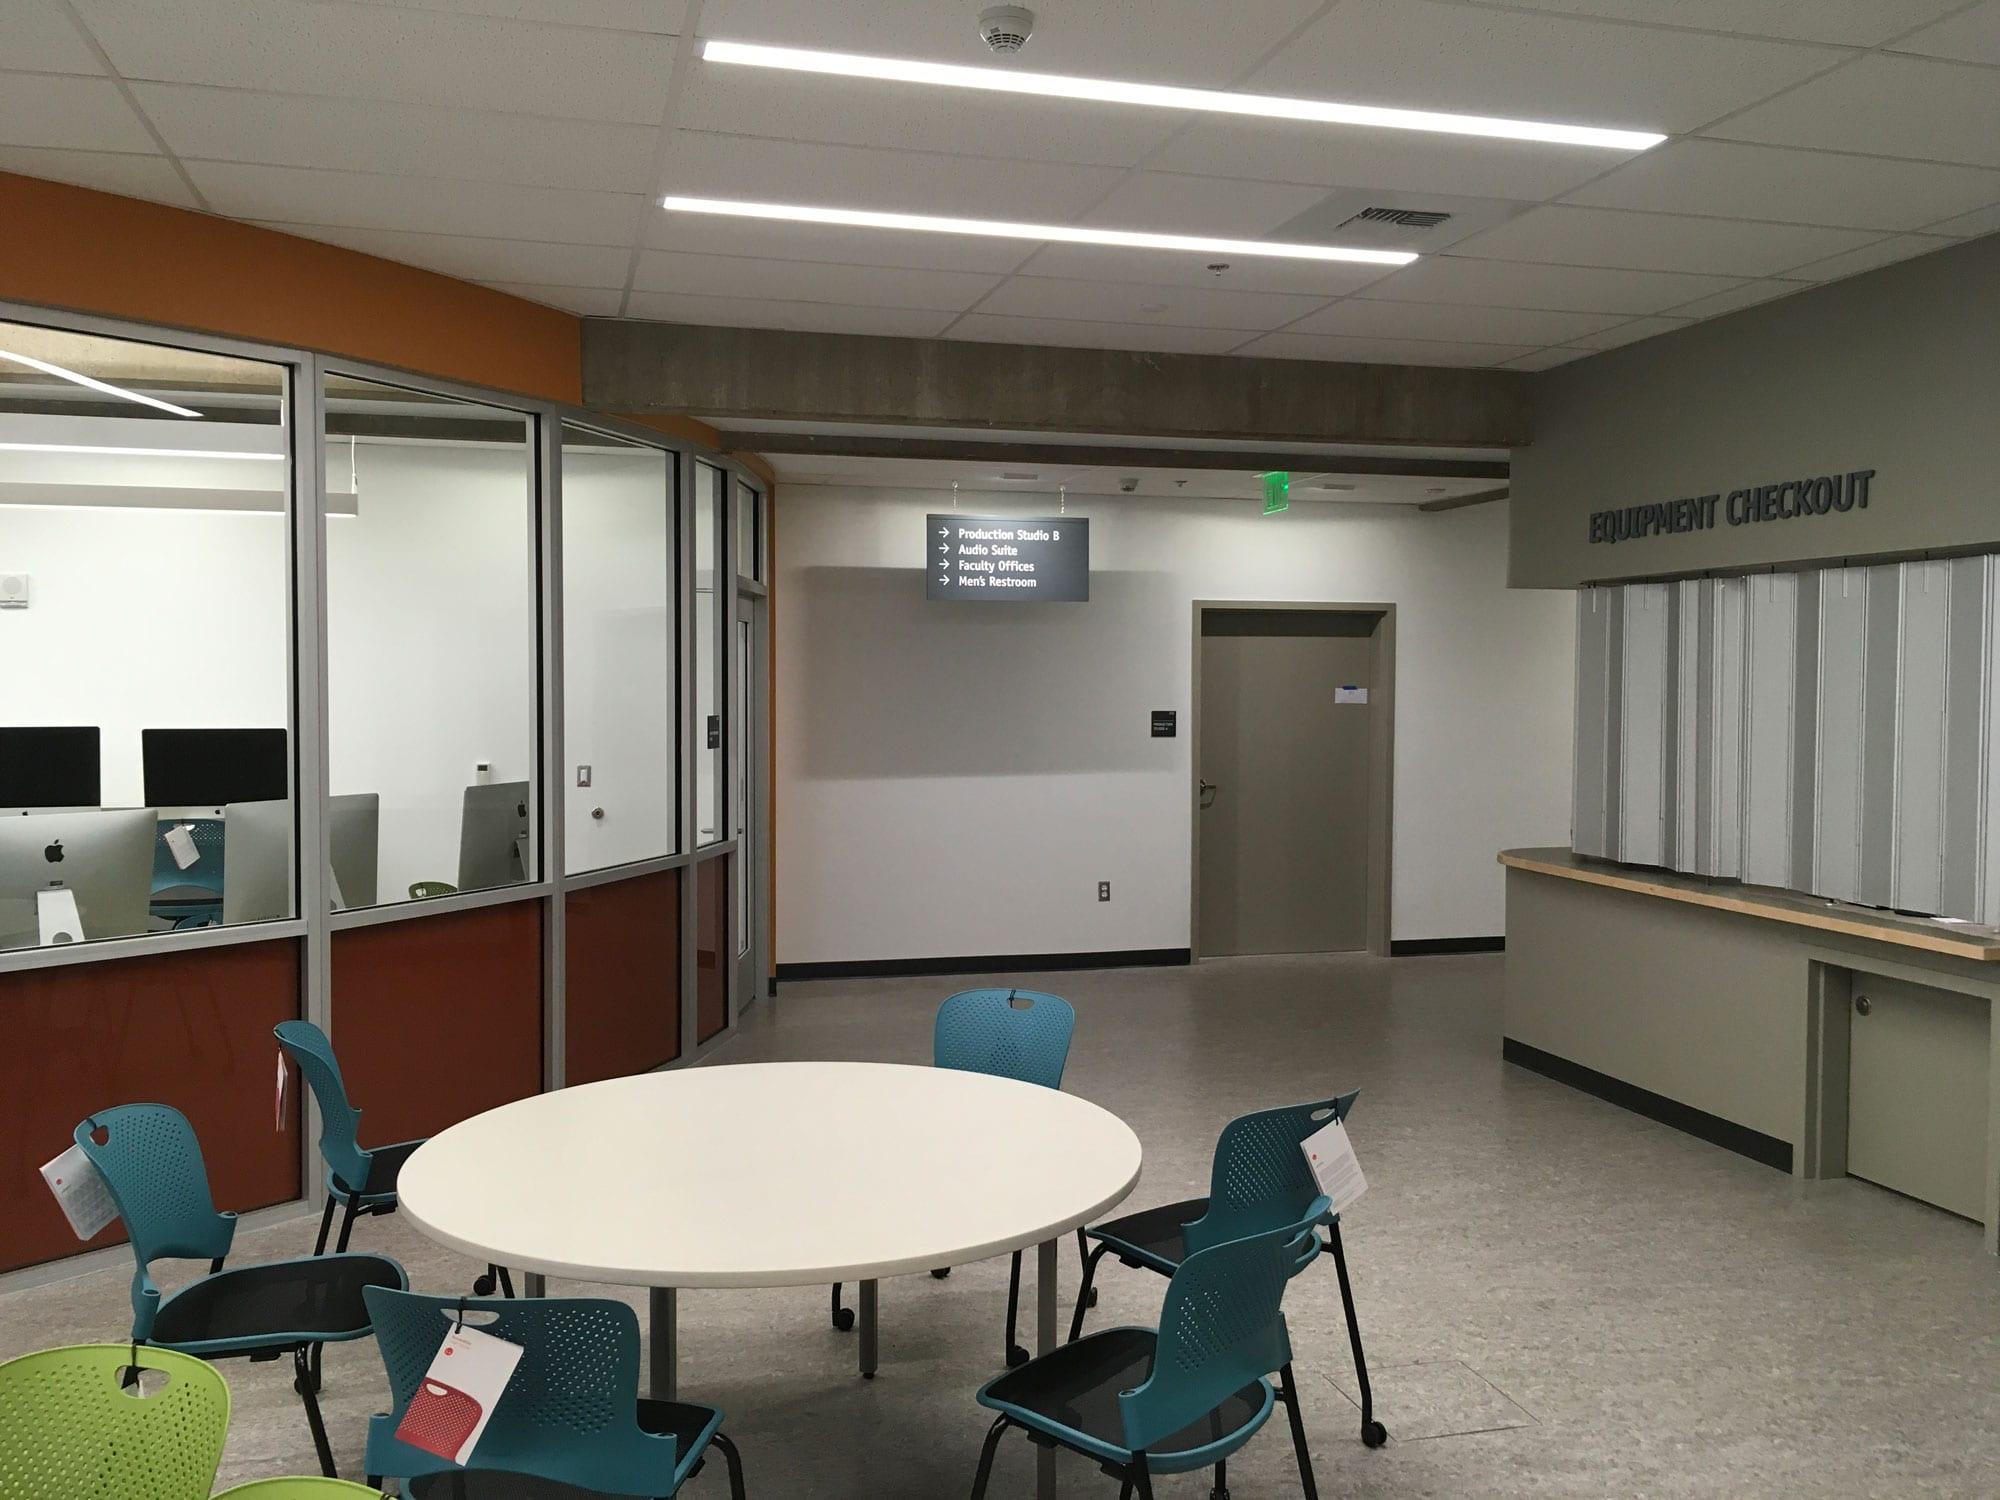 LCC Building 18 Inside
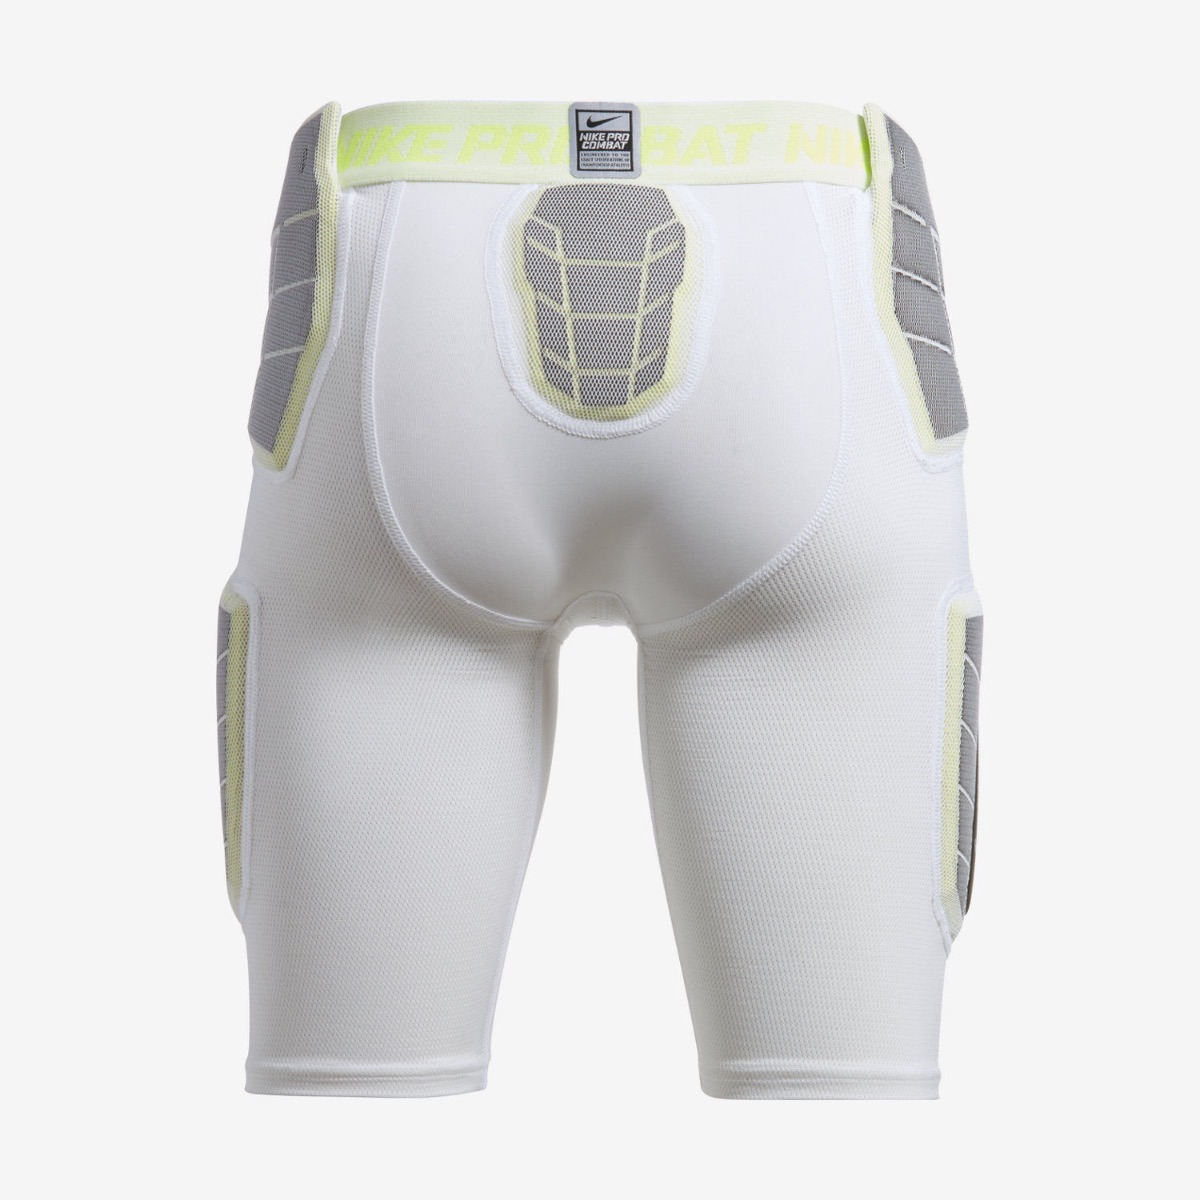 9fa46f5298 bermuda nike pro hyperstrong futebol americano nfl protetor. Carregando  zoom.
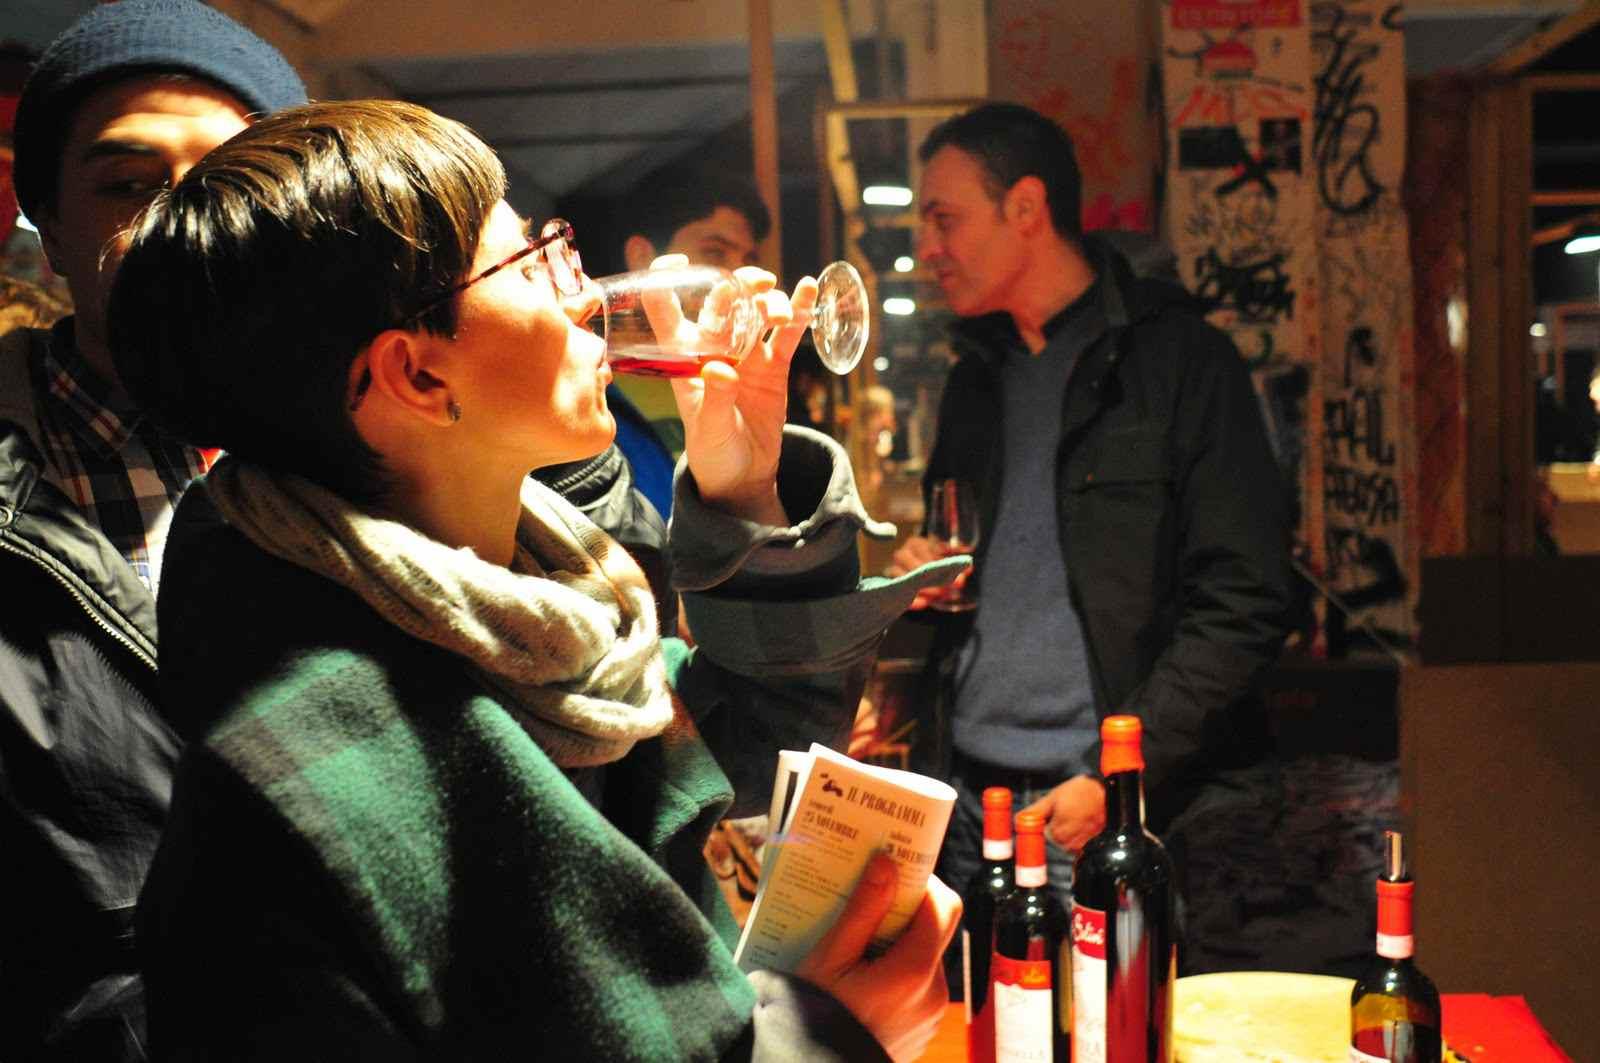 Wineatvie milano eventi centro storico

*Task requirements:* All the material shown above is to be copied exactly, with no pictures carried over.

*Answer to this problem:*
 LCC Building 18 Inside
 9fa46f5298 bermuda nike pro hyperstrong futebol americano nfl protetor. Carregando  zoom.
 Wineatvie milano eventi centro storico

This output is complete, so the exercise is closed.